Given that cos (75 ° + θ) = 1 / 3, and θ is the third quadrant angle, the evaluation: cos (- 255 ° - θ) + sin (435 ° + θ)

Given that cos (75 ° + θ) = 1 / 3, and θ is the third quadrant angle, the evaluation: cos (- 255 ° - θ) + sin (435 ° + θ)
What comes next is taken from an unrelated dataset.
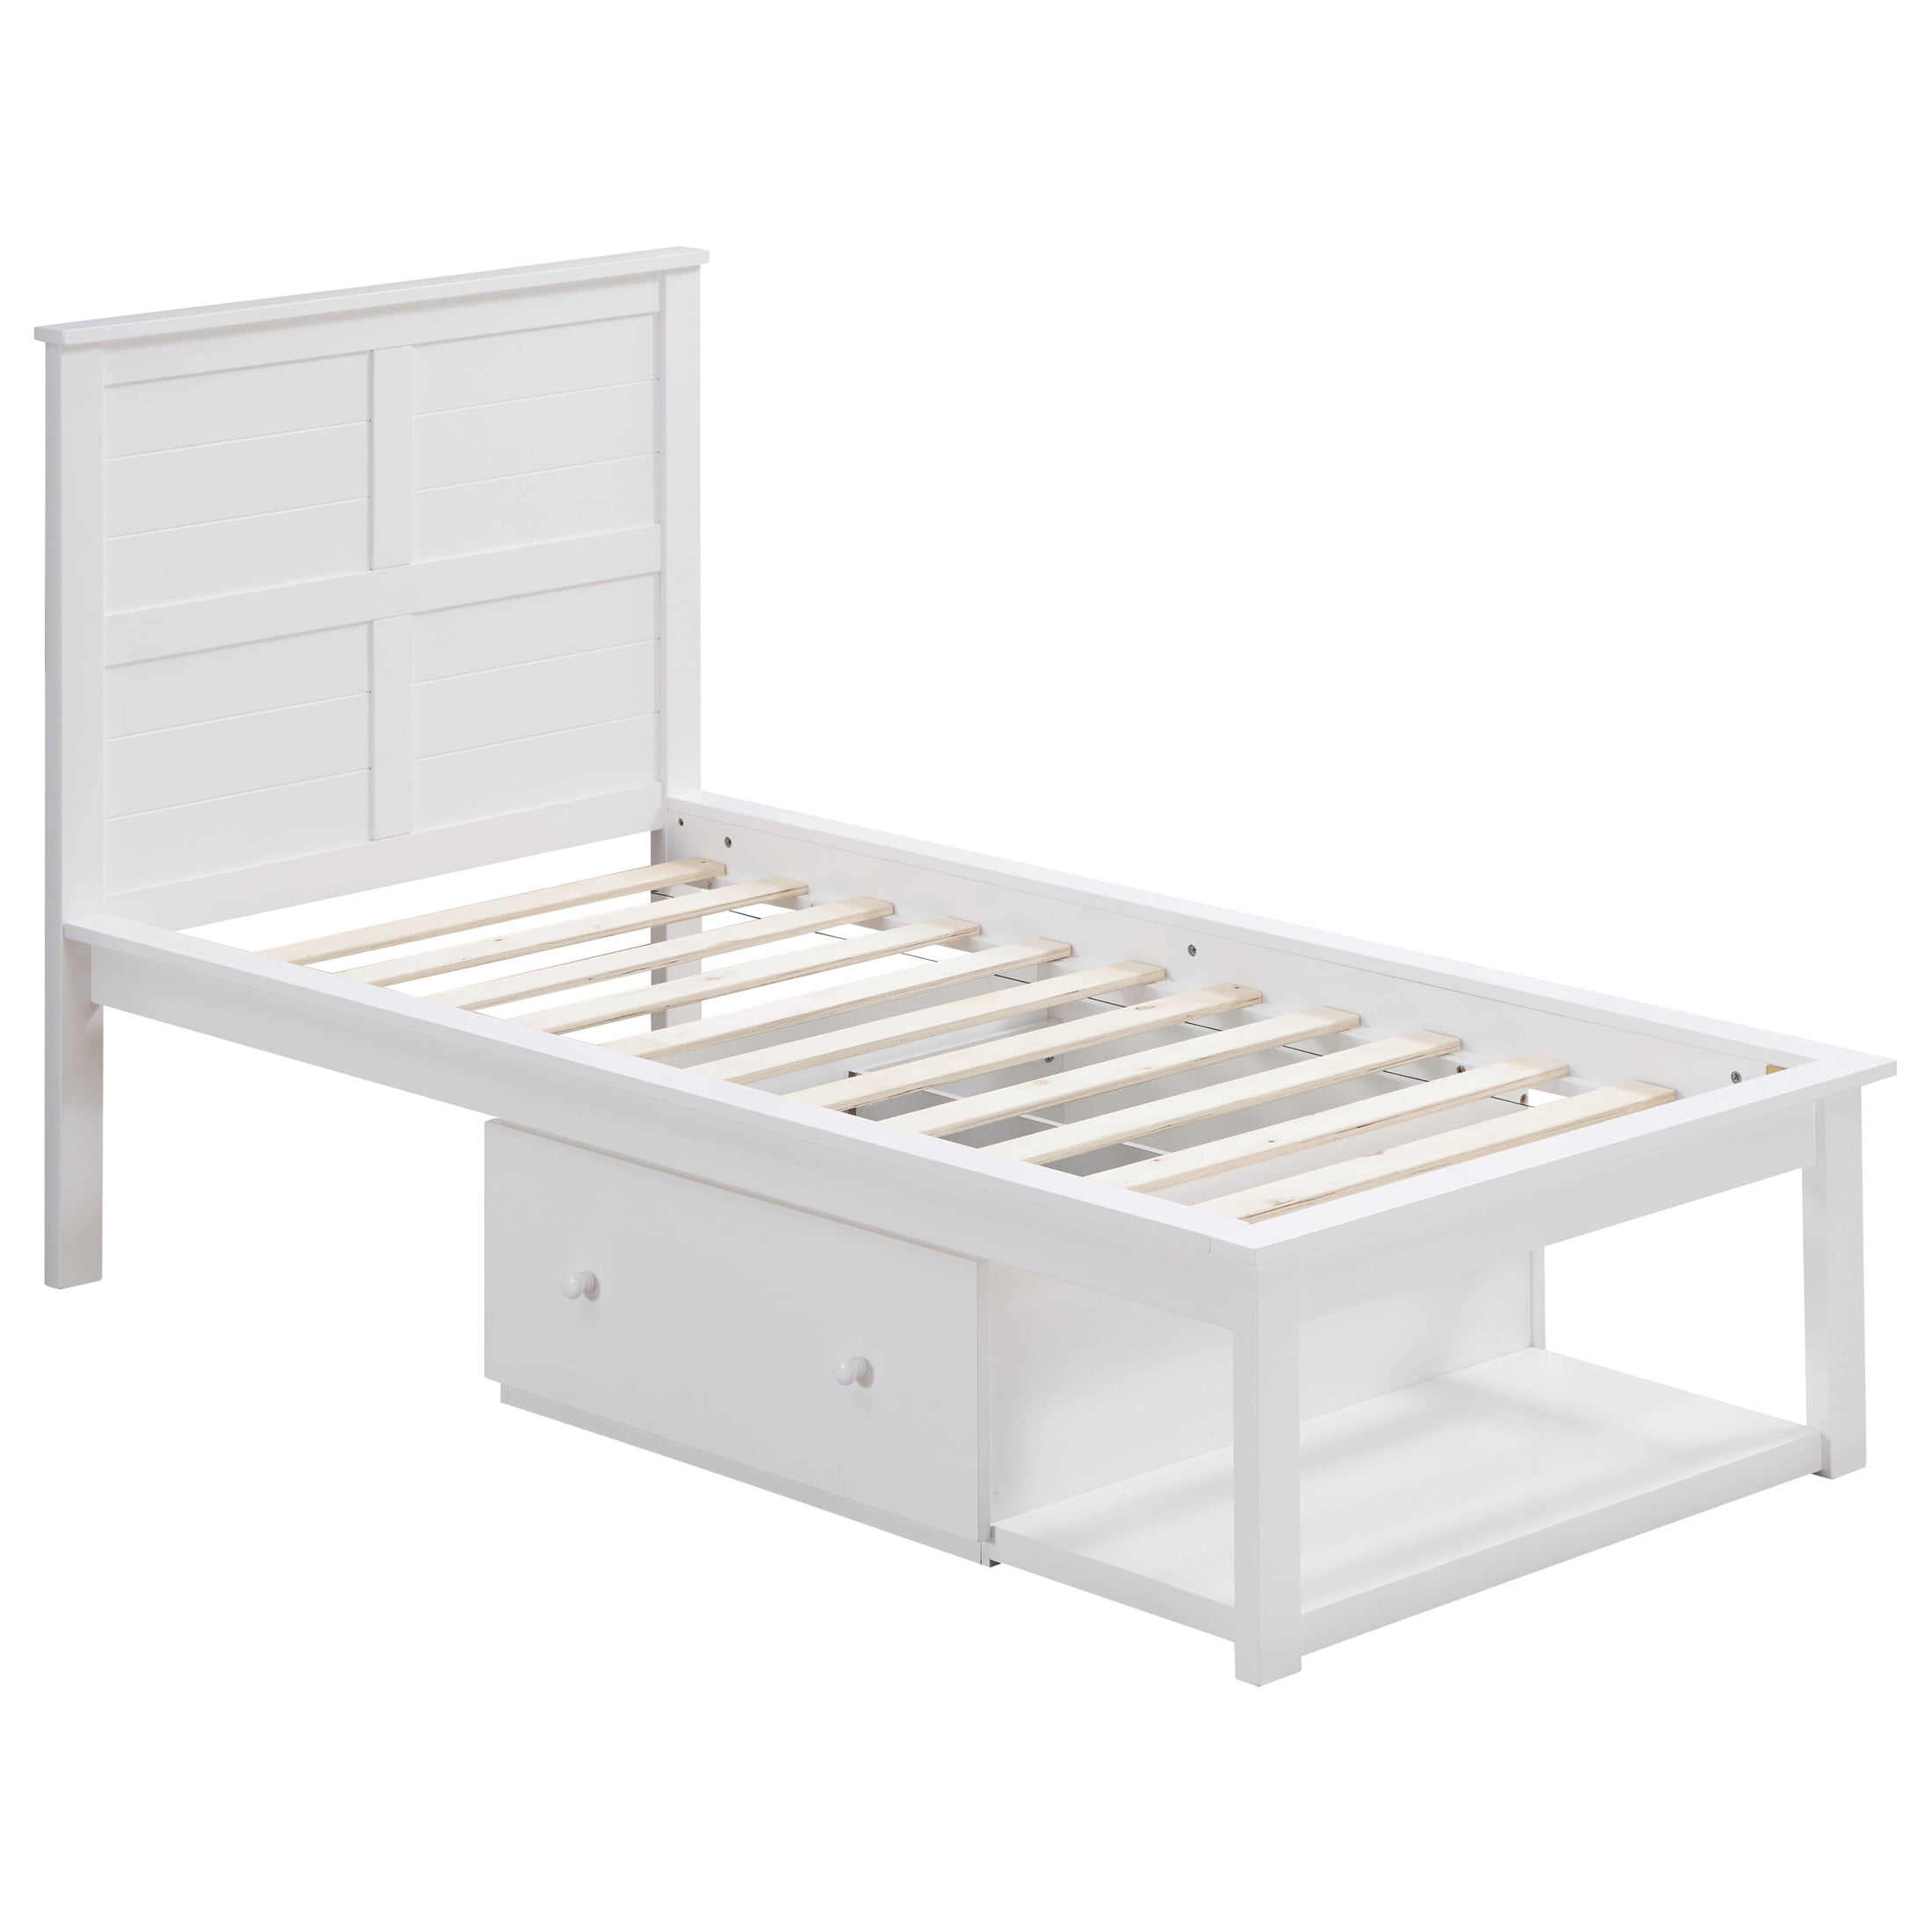 Picture of Acme Furniture BD00649T 79 x 44 x 47 in. Iolanda Bed, White - Twin Size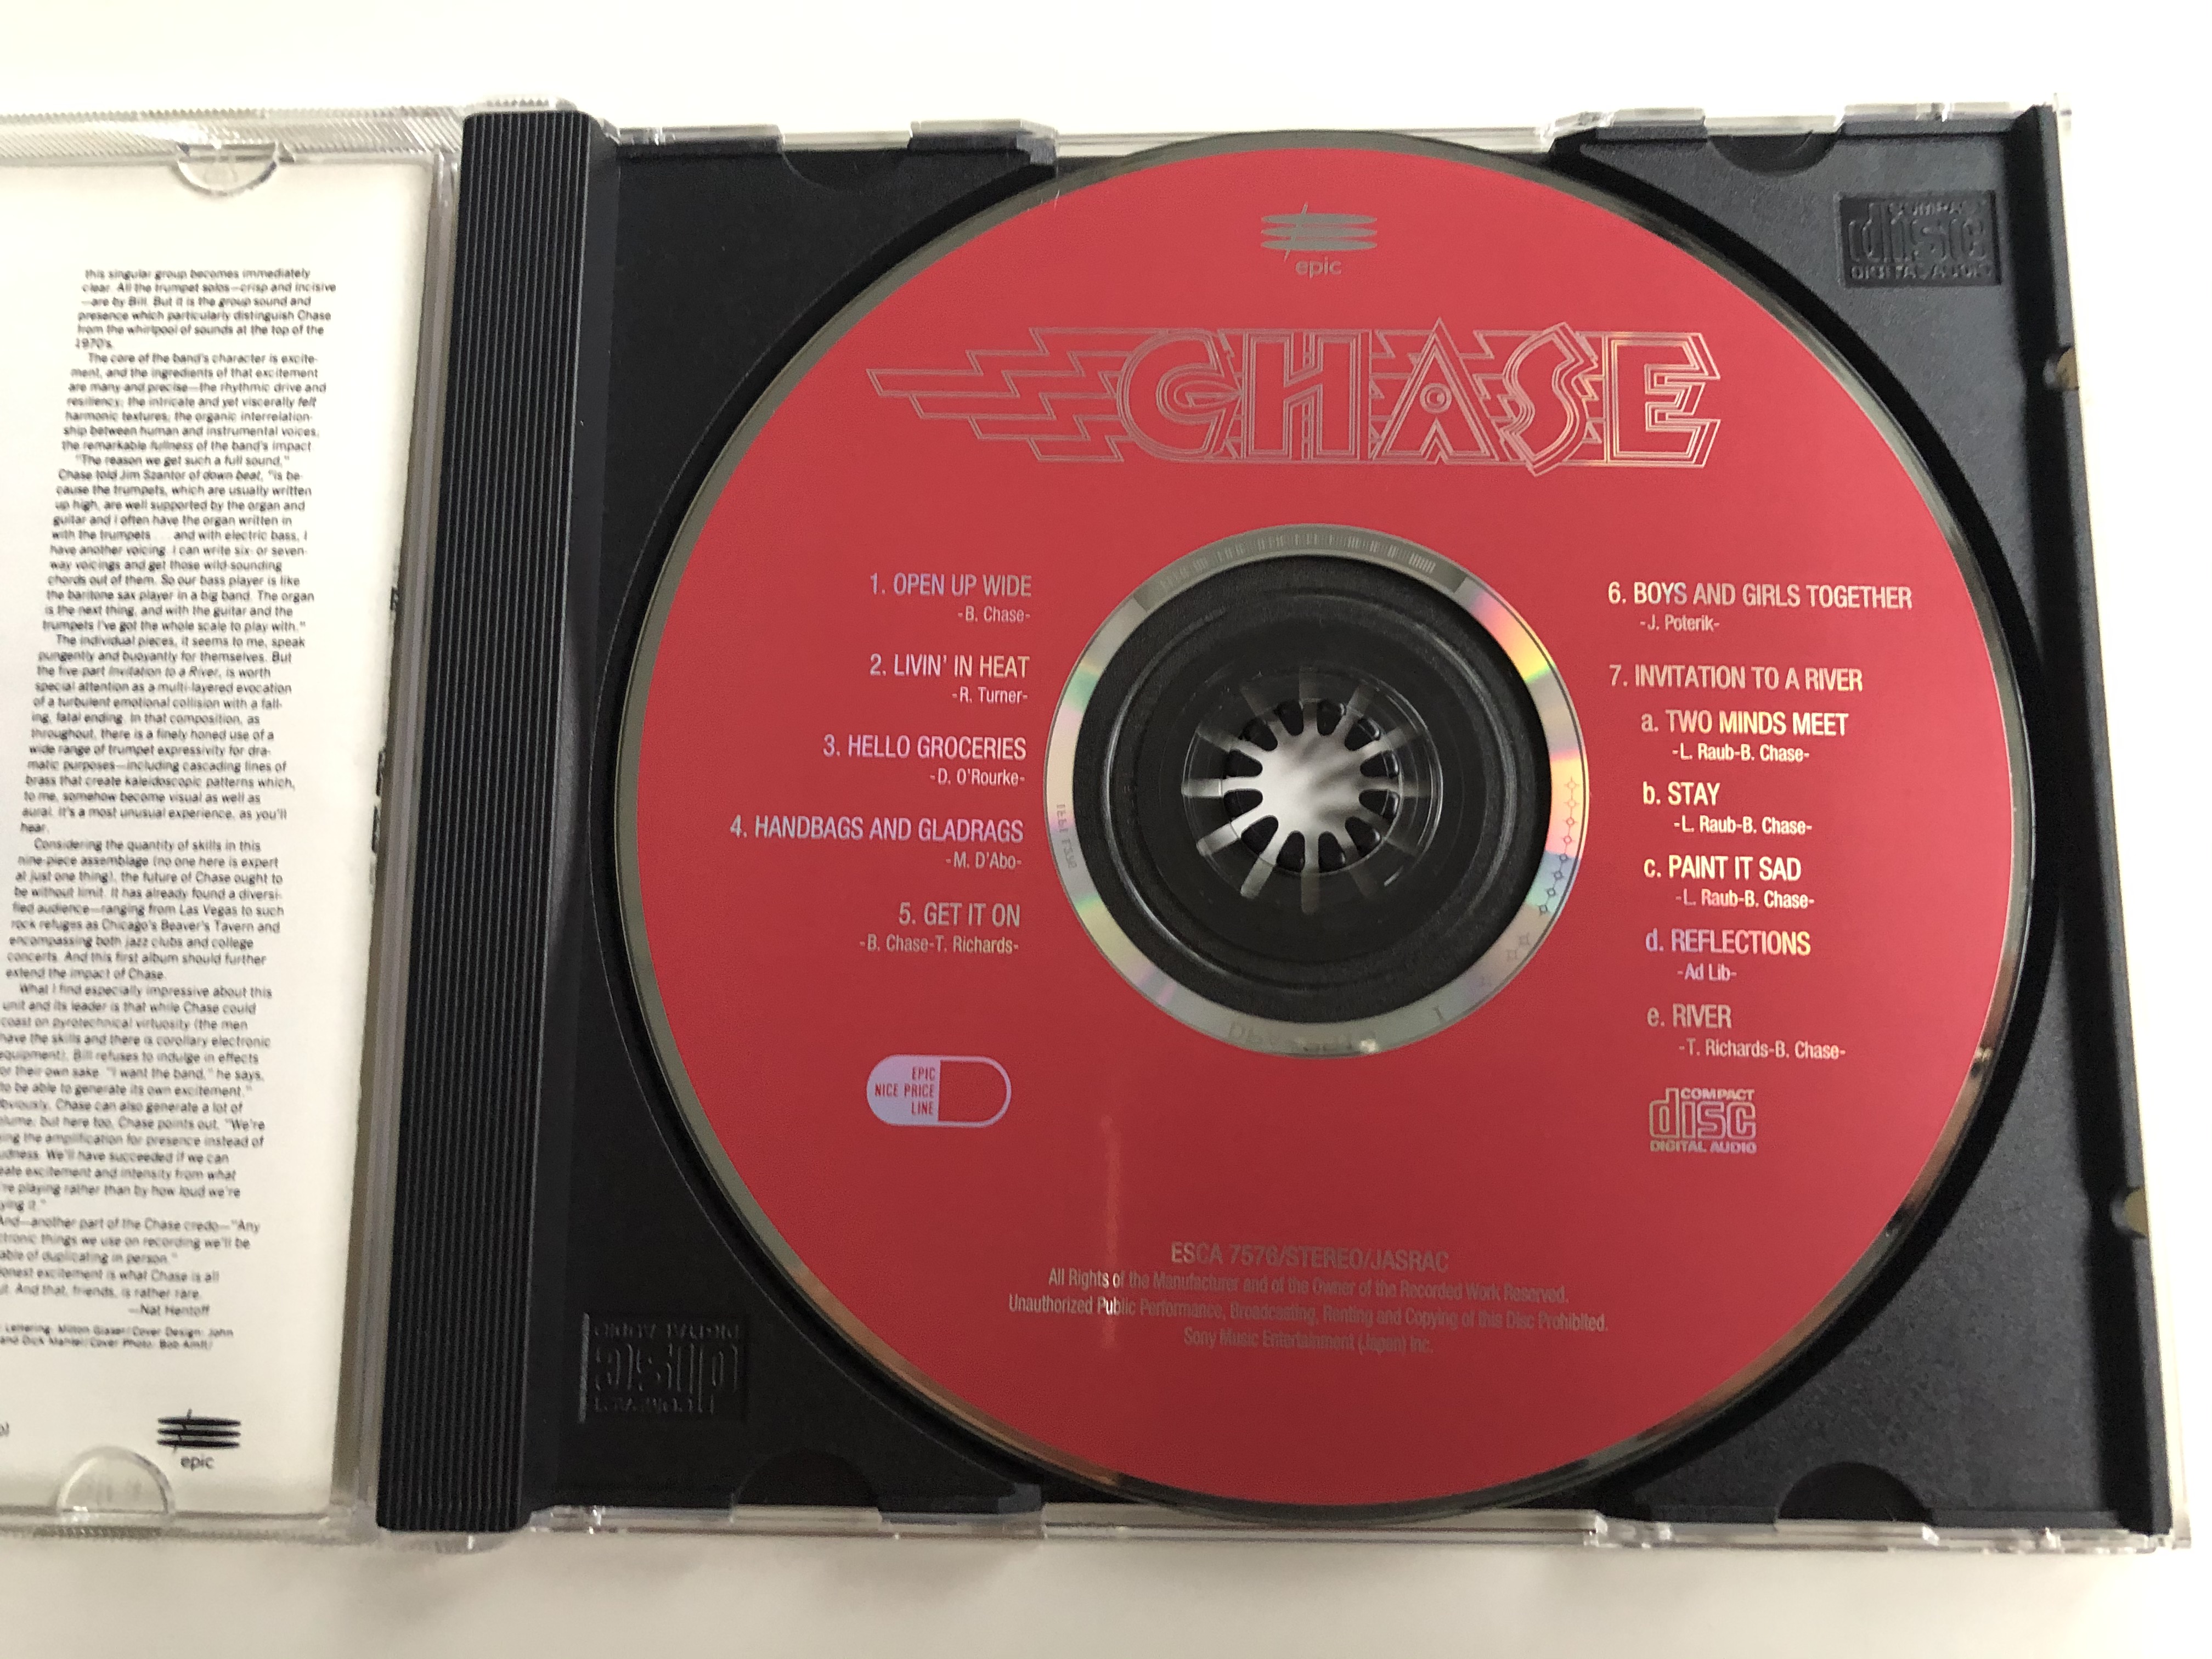 chase-epic-audio-cd-stereo-esca-7576-3-.jpg

Cos (255 ° - θ) + sin (435 ° + θ) = cos (255 ° + θ) + sin (360 ° + 75 ° + θ) = cos (180 ° + 75 ° + θ) + sin (75 ° + θ) = cos (180 ° + 75 ° + θ) + sin (75 ° + θ) θ is the third quadrant angle, 75 ° + θ is the third or fourth quadrant angle, sin (75 ° + θ) = root number (1-cos ^ 2 [(75 ° + θ)]) = = - (2 root number 2) / 3 cos (- 255 ° - θ (- 255 ° - θ (- 255 ° - θ)) = (2 root number 2) / 3 cos (- 255 ° 2) / 3 cos (- 255 ° - θ (- 255 ° - θ)) = (2 root number 2) / 3 cos (2 root number 2) / 3 cos+ sin (435 ° + θ) = - 1 / 3 - (2 root sign 2) / 3

Given that cos (75 ° + θ) = 1 / 3, and θ is the third quadrant angle, find cos (255 ° + θ) + sin (435 ° + θ)

cos(255°+θ)+sin(435°+θ)
=cos(75°+180°+θ)+sin(75°+360°+θ)
=sin(75°+θ)-cos(75°+θ)
θ is the third quadrant angle
cos(75°+θ)=1/3>0
ν 75 ° + θ is the fourth quadrant angle
∴sin(75°+θ)

If cos (75 ° - α) = 1 / 3 and α is the third quadrant angle, then cos (15 ° - α) + sin (α - 15 °) is the value -2 Radix 2 divided by 3

Cos (75 degrees + a) = 1 / 3
=Sin [90 degrees - (75 degrees + a)] = sin (15 degrees - a)
And a is the third quadrant angle,
180 degrees + 2K * 360 degrees

Given that cos (75 ° + α) = 1 / 3, where α is the third quadrant angle, find the value of COS (15 ° - α) + sin (A-15 °)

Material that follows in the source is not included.